The little boat pitched and tossed like a wild horse on its anchor line under a purple and black sky in front of a remote marshy island in the northern Gulf of Mexico. The idea had been to spend some time alone on the island, but the sea was too rough to even think about wading ashore. My analytical thinking mind urgently pointed out that I was there with a broken rusty anchor, no bail cup, and no fresh water. I hadn’t checked the tide or weather radar before leaving. I hadn’t even told anybody that I was going. I broke every safety rule in the book
Marine biologists and writers, my husband and I run Gulf Specimen Marine Lab in Panacea, a tiny nonprofit aquarium and write books about the ocean. A precarious life, it is dependent upon the unforgiving sea for survival, both financially and sometimes literally. Years before, I began spending time alone in the forest and along the shore in order to better handle the mental challenges of each day, and it had eventually become a major focus of this intense and always uncertain way of life.

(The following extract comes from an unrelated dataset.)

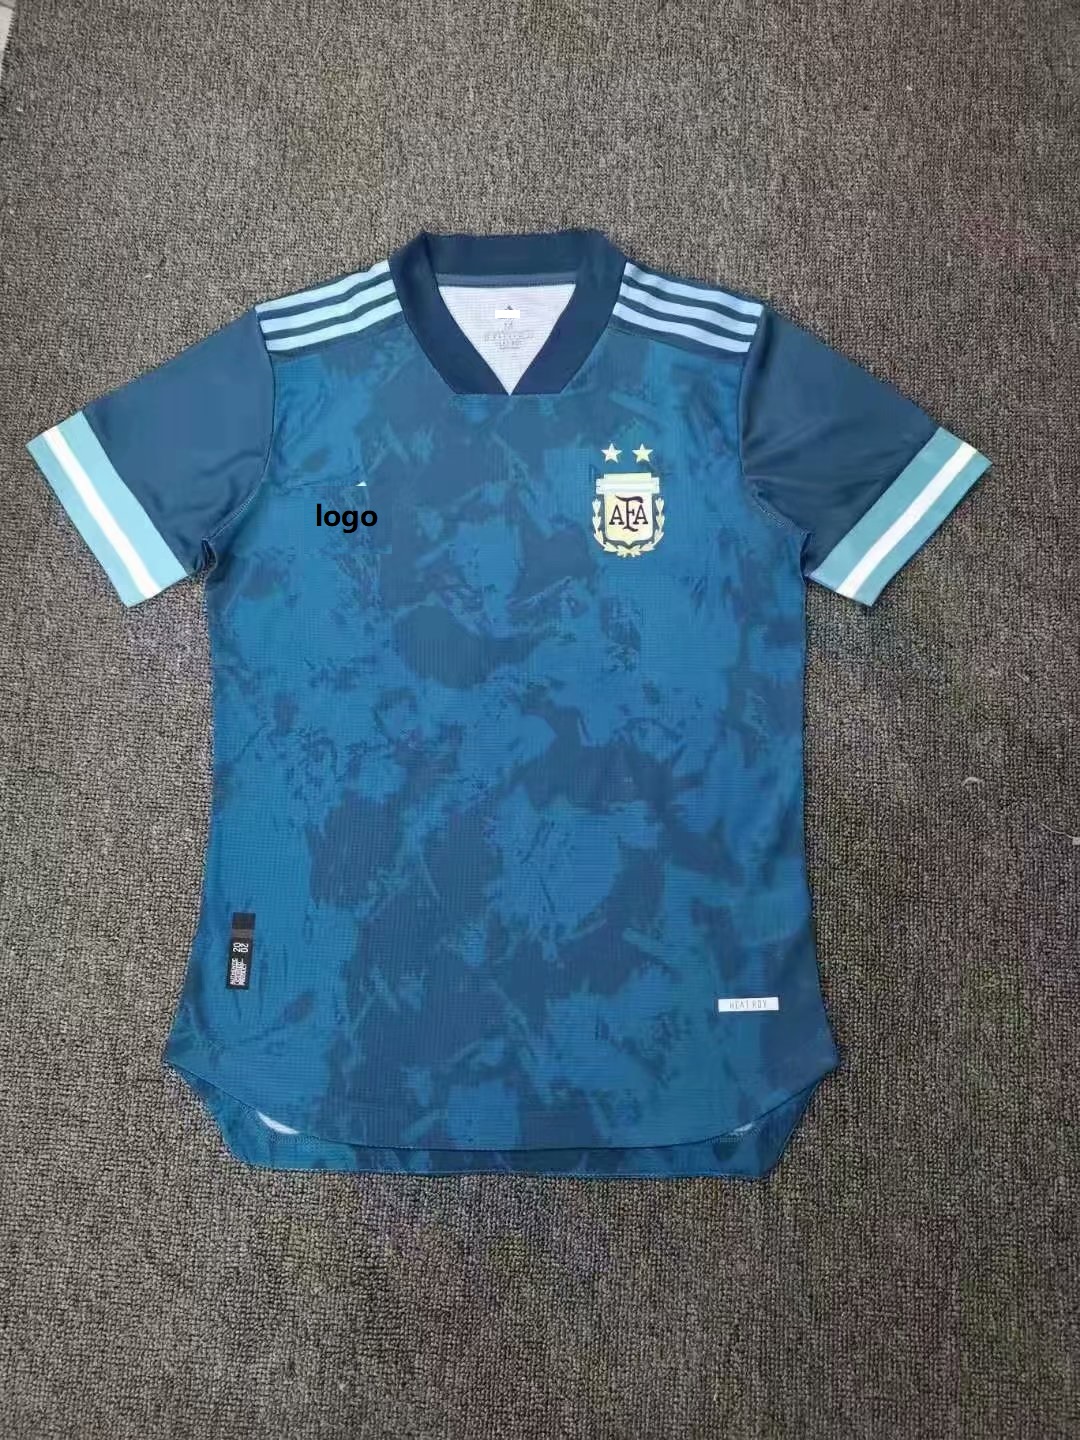 argentina away jersey 2019

Solo meditation at sea, even close to shore, has an edge to it that is not part of sitting in a building. It means being totally in this moment and alert to what is needed. There is no room for the mental cobwebs of restlessness and dissatisfaction. The weather worsened until I barely had the strength and energy to pull the anchor against a stiff wind and chop, but as I got underway and was running back to port, I felt alive and strong.

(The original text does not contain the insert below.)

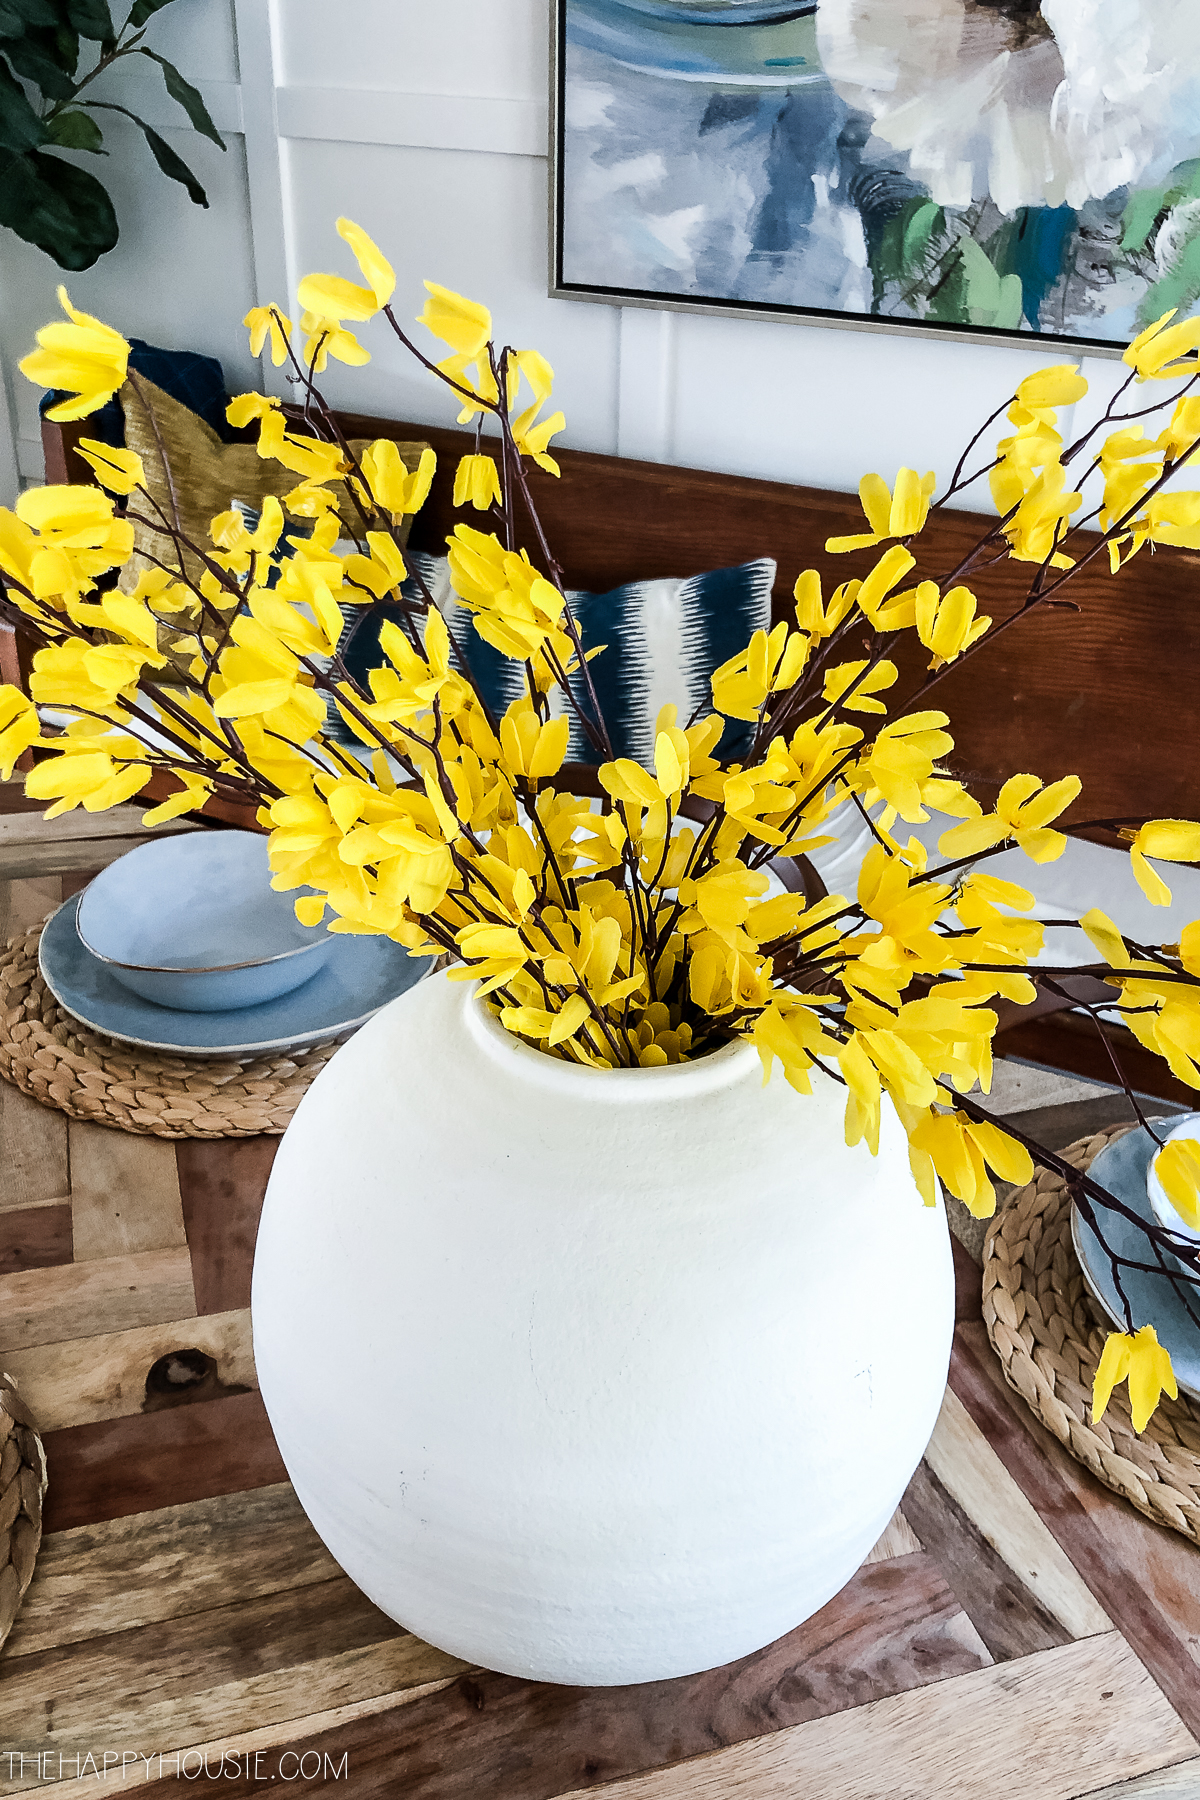 Yellow forsythia blooms in the white vase.

The next day I went back to sea with a much better prepared collecting crew from our aquarium to dive for sponges and sea whips further offshore. The storm had passed and the sea was silken flat and pastel baby blue. There was no horizon as the sea blended with the sky in the far distance. A limestone outcrop on the sea floor was covered with yellow soft corals and bright orange sponges. Silversides, spots, grunts, hogfish, and a school of 5 huge tarpon kept a discrete distance while a 5 foot spotted eagle ray swam over the rocks, its tubular mouth vacuuming the rock and its two wing tips pointed straight up. A school of silvery look downs passed by, undulating back and forth in sinuous movements. Lying quietly amidst the rubble two brown nurse sharks tried to hide.

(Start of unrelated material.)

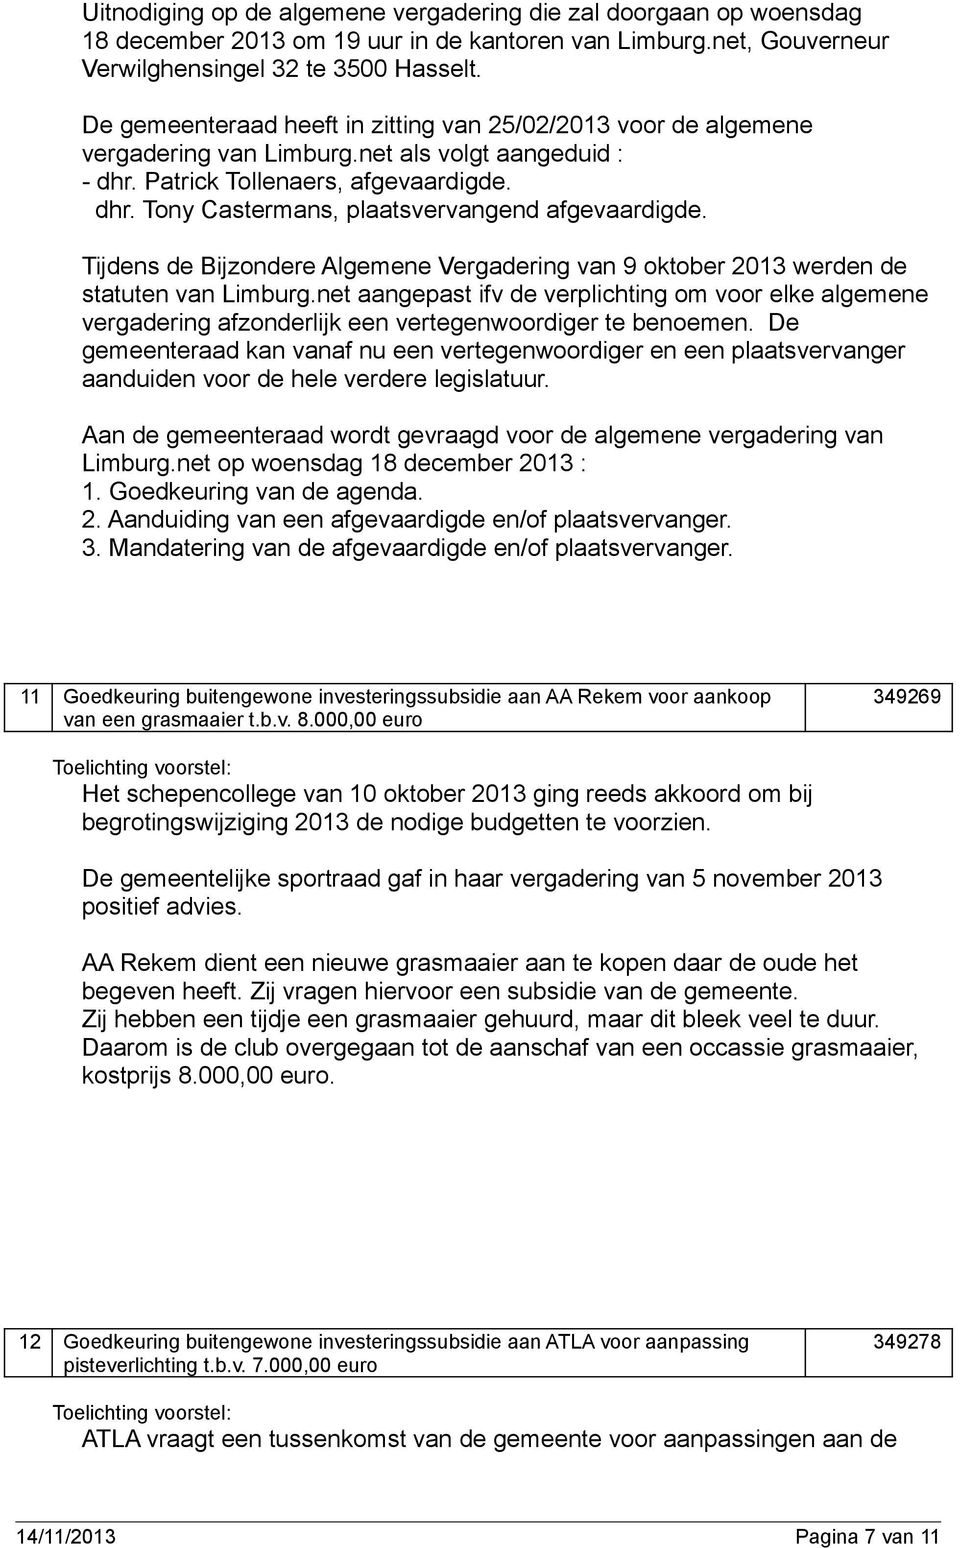 Tijdens de Bijzondere Algemene Vergadering van 9 oktober 2013 werden de statuten van Limburg.

Amidst them a young green turtle cruised along. Maybe fourteen inches long, the sunrise pattern of yellow and brown streaks on the shell was perfect camouflage against the bottom of rock, sponge, coral and sand patches. It half swam, half crawled over the rocks, head down, tearing algae off the bottom. Its effortless soaring flight, banking and tilting with slow relaxed strokes was a total contrast to the heavy crawl of nesting females on the beach. Who would have thought they were such free and graceful creatures, flying underwater, rising vertically to the surface to breathe? I followed it for a while, my awkward flippers thrusting, pounding, swimming as best I could, but the turtle winged its way off the reef, out over the white sand bottom, put on a burst of speed and left me behind.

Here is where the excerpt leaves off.